**Work to be completed**
Look below for the line containing "240420_JRG_Charity-Raceday_1920x550_2" and the line containing "Pair of Ebonized Regency Style Side Chairs", then set down both and every line between them exactly, without pictures.

**Record set**

[Start of Attachment]

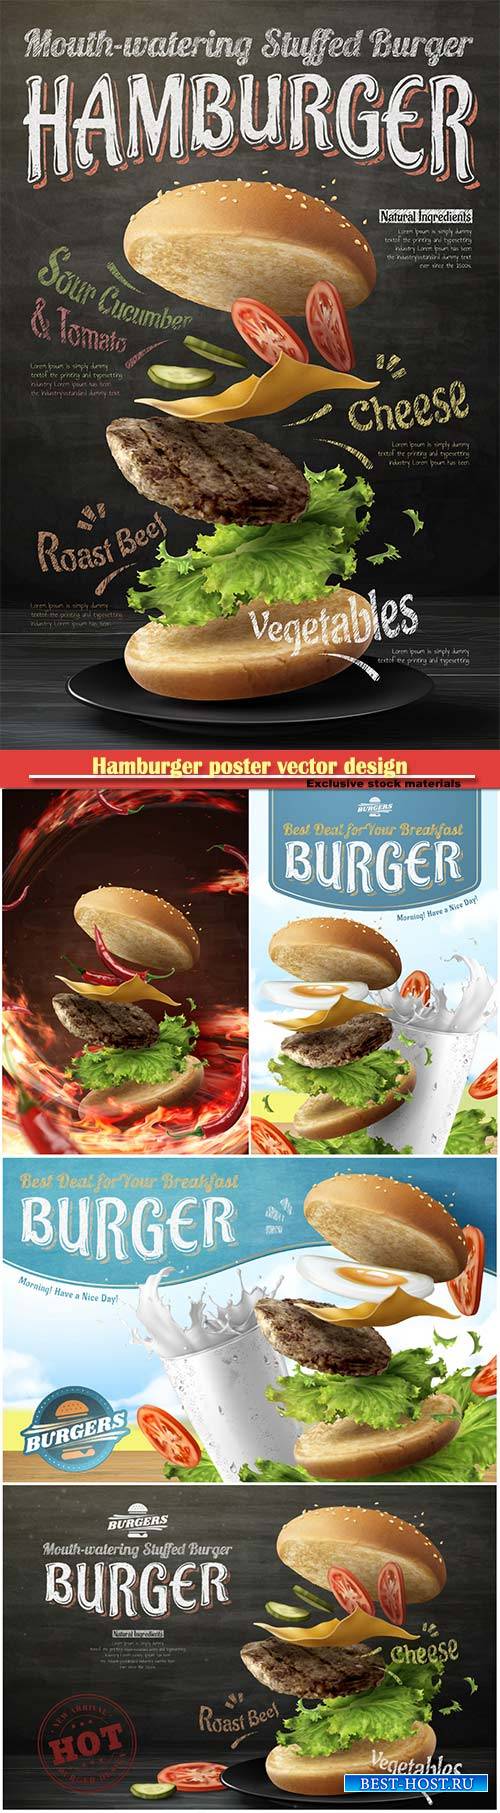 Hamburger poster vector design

[End of Attachment]
[Start of Attachment]

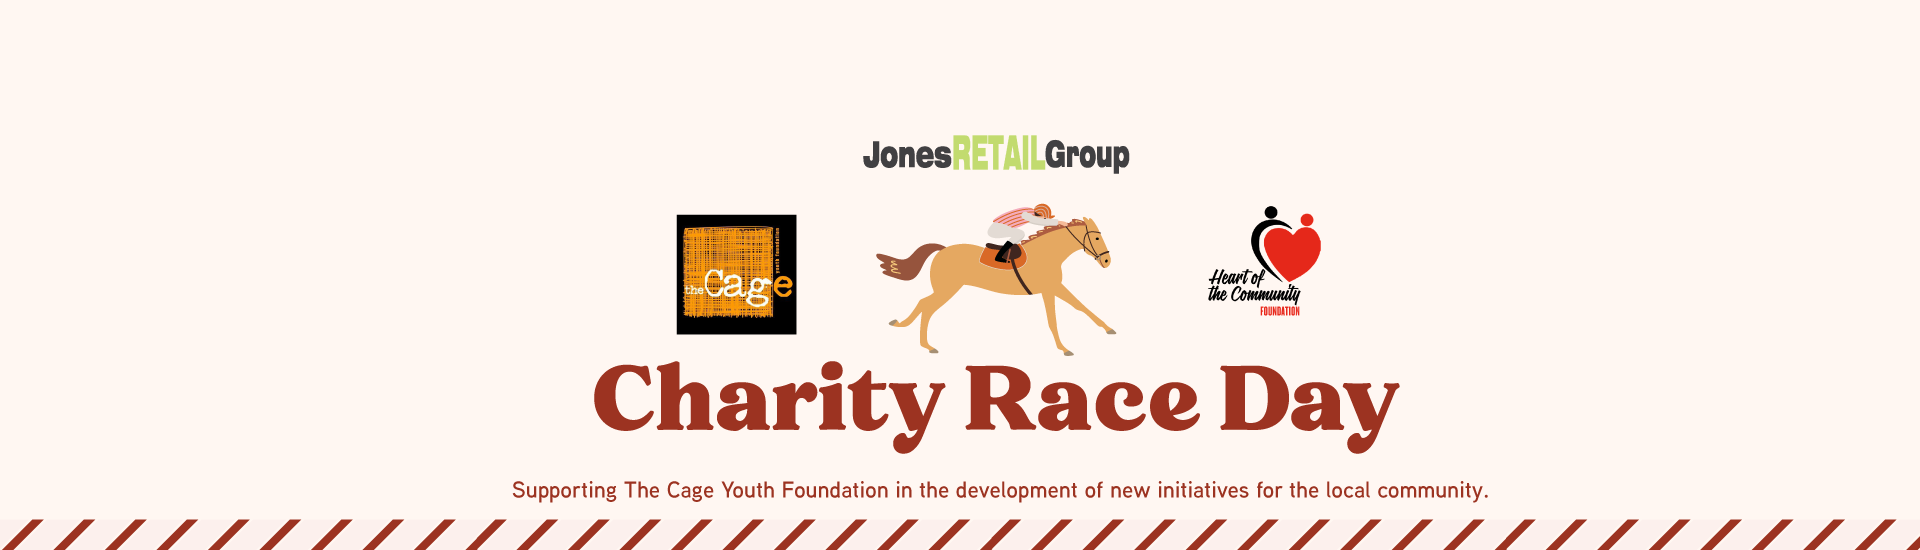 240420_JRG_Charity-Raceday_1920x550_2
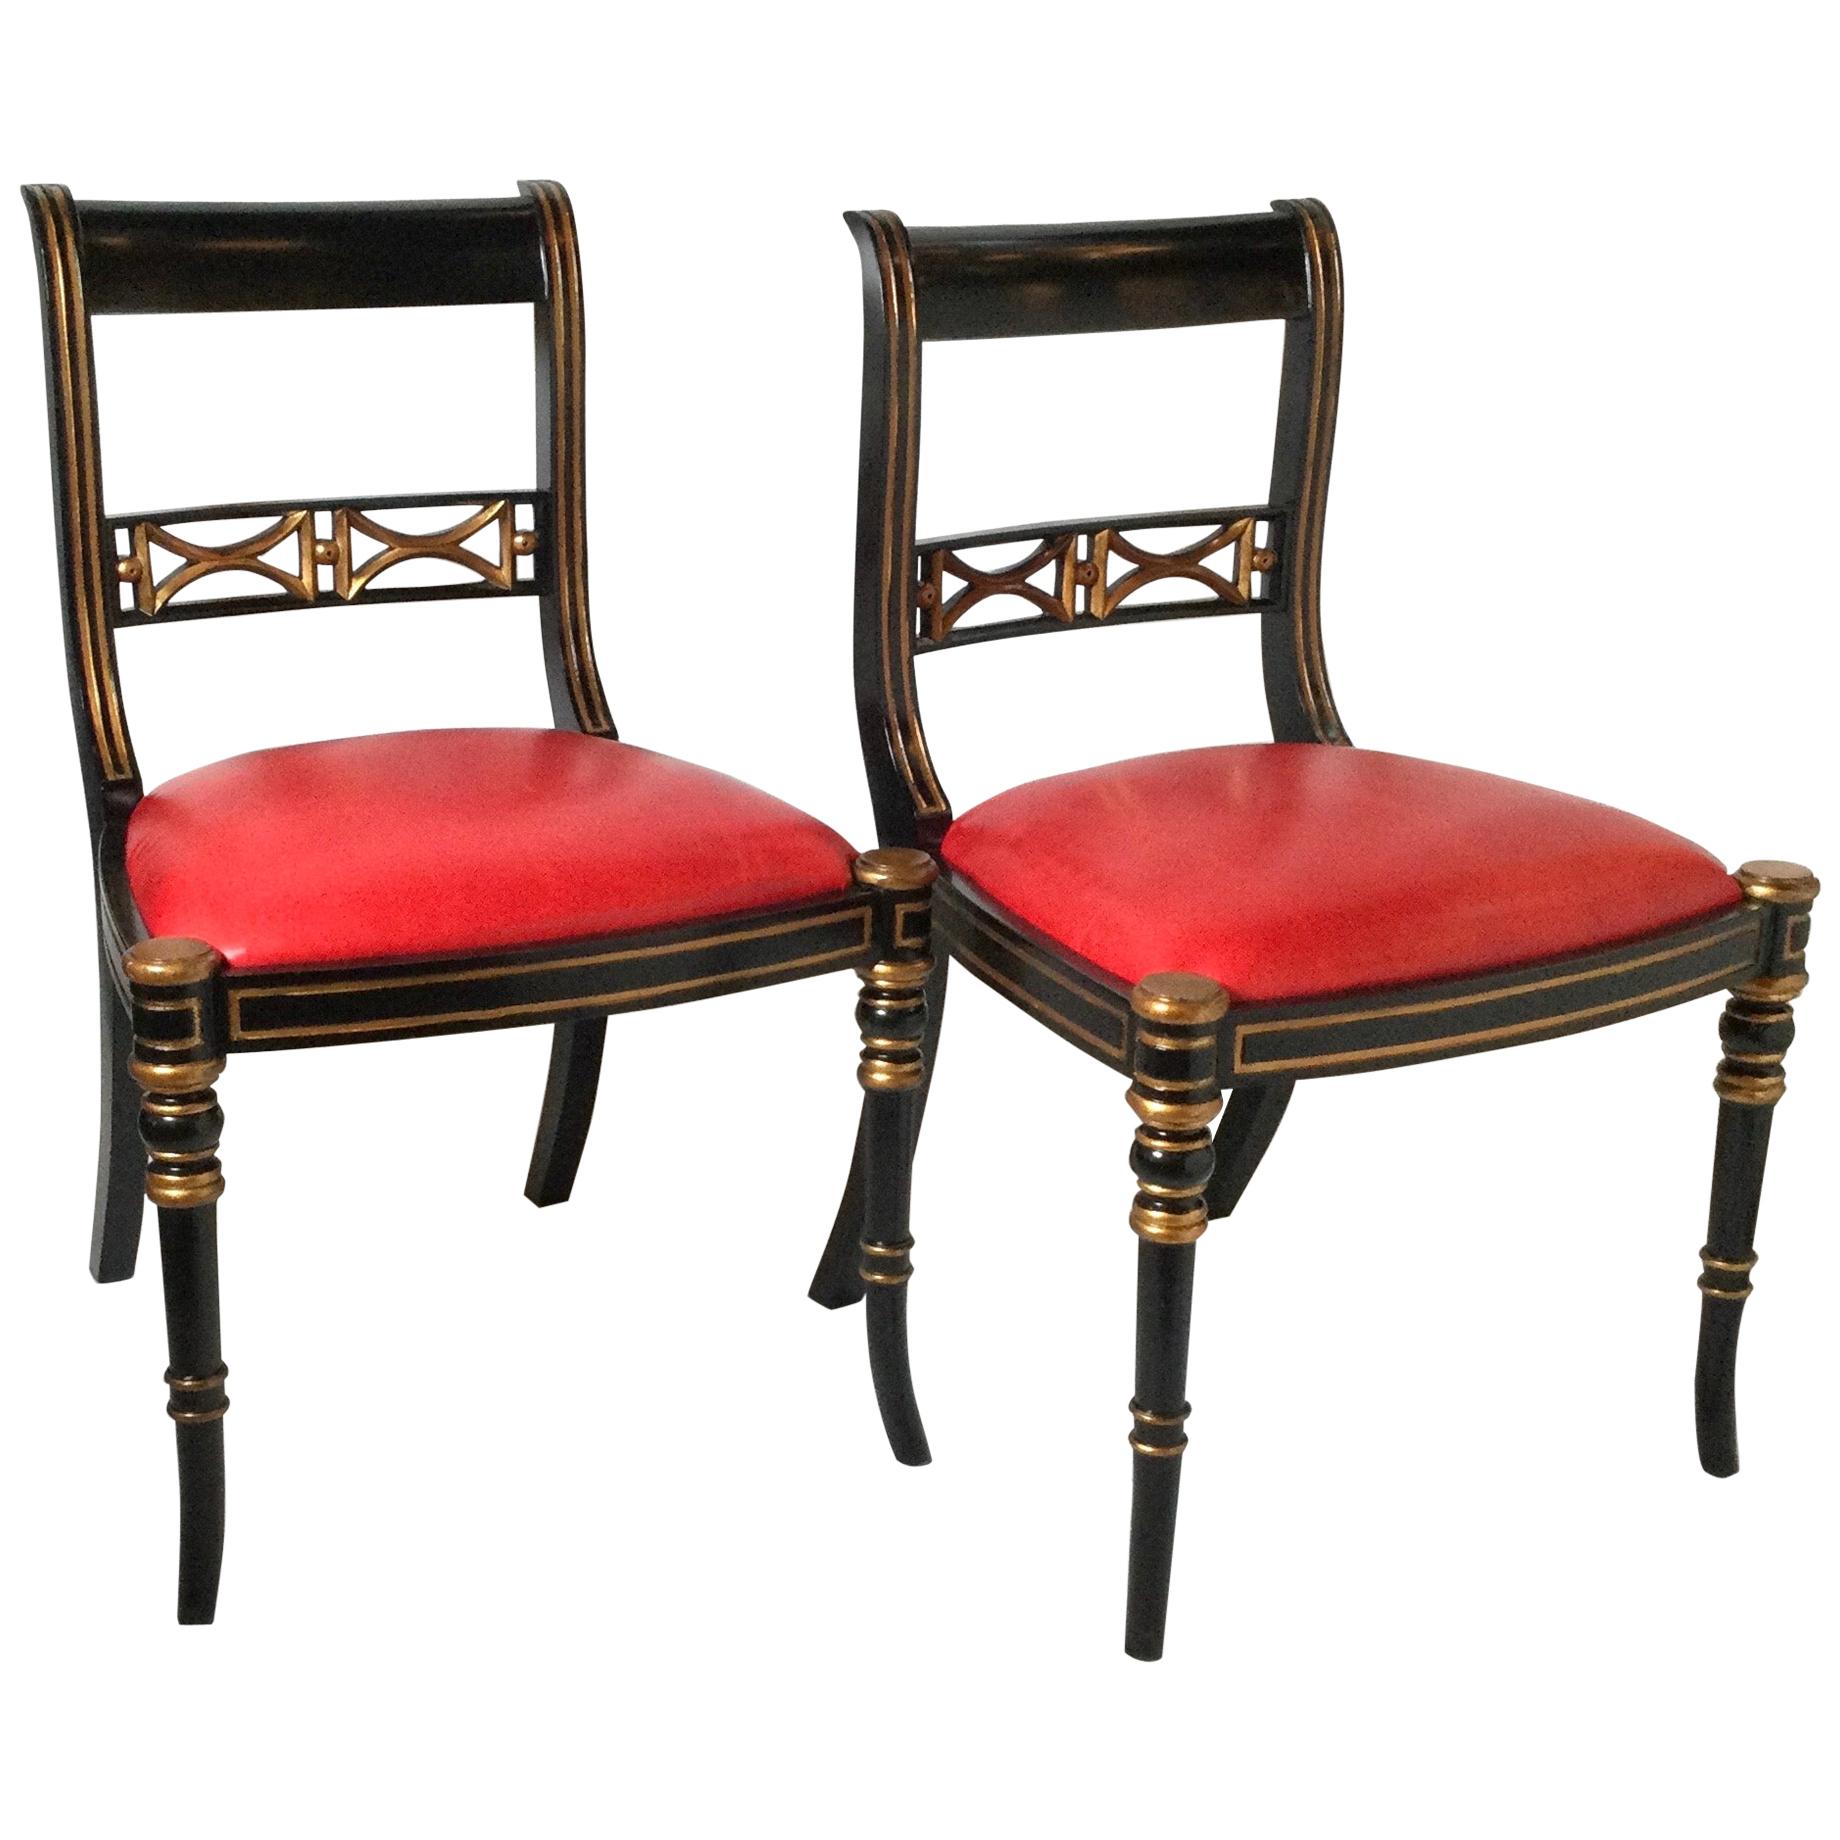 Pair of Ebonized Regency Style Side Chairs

[End of Attachment]

**Response box**
 240420_JRG_Charity-Raceday_1920x550_2
 Pair of Ebonized Regency Style Side Chairs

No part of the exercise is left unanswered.